Molecular line emission from a protoplanetary disk irradiated externally by a nearby massive star

TL;DR

This study models the physical and chemical structure of protoplanetary disks irradiated by nearby massive stars, showing that molecules can survive and be observed, informing planet formation prospects in such environments.

Contribution

It provides the first detailed two-dimensional model of irradiated protoplanetary disks, analyzing molecular survivability and observability with ALMA.

Findings

Disk temperature increases significantly due to irradiation.

Molecular gas remains predominantly intact in the disk midplane.

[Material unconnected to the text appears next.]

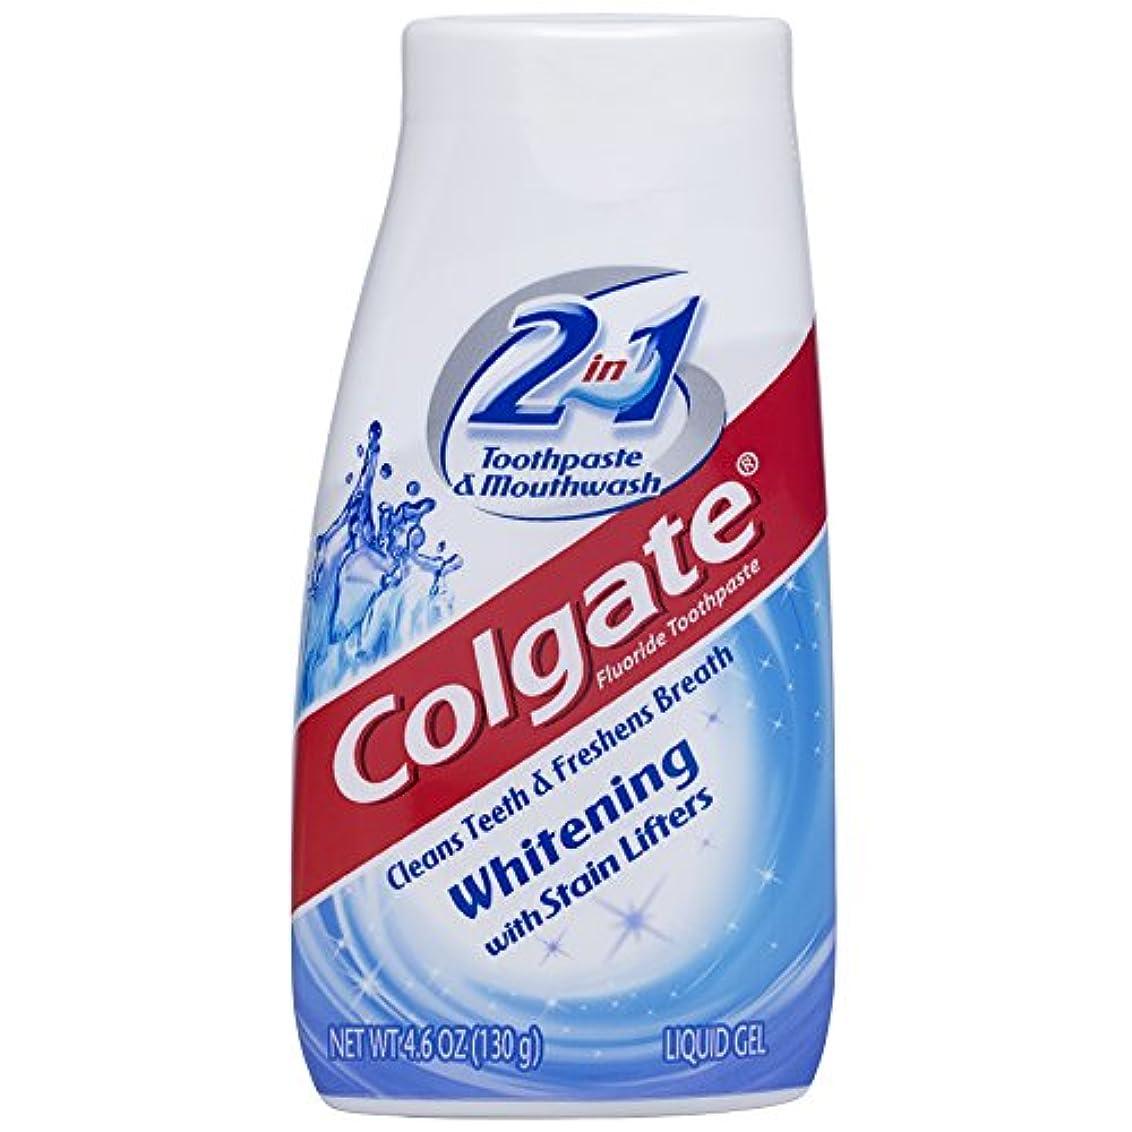 米ドル知り合いになる科学者海外直送品Colgate 2 In 1 Toothpaste & Mouthwash Whitening, 4.6 oz by Colgate

Multiple molecular transitions are detectable with ALMA.

Abstract

Star formation often occurs within or nearby stellar clusters. Irradiation by nearby massive stars can photoevaporate protoplanetary disks around young stars (so-called proplyds) which raises questions regarding the ability of planet formation to take place in these environments. We investigate the two-dimensional physical and chemical structure of a protoplanetary disk surrounding a low-mass (T Tauri) star which is irradiated by a nearby massive O-type star to determine the survivability and observability of molecules in proplyds. Compared with an isolated star-disk system, the gas temperature ranges from a factor of a few (in the disk midplane) to around two orders of magnitude (in the disk surface) higher in the irradiated disk. Although the UV flux in the outer disk, in particular, is several orders of magnitude higher, the surface density of the disk is sufficient for effective shielding of the disk midplane so that the disk remains predominantly molecular in nature. We also find that non-volatile molecules, such as HCN and H2O, are able to freeze out onto dust grains in the disk midplane so that the formation of icy planetesimals, e.g., comets, may also be possible in proplyds. We have calculated the molecular line emission from the disk assuming LTE and determined that multiple transitions of atomic carbon, CO (and isotopologues, 13CO and C18O), HCO+, CN, and HCN may be observable with ALMA, allowing characterization of the gas column density, temperature, and optical depth in proplyds at the distance of Orion (~400 pc).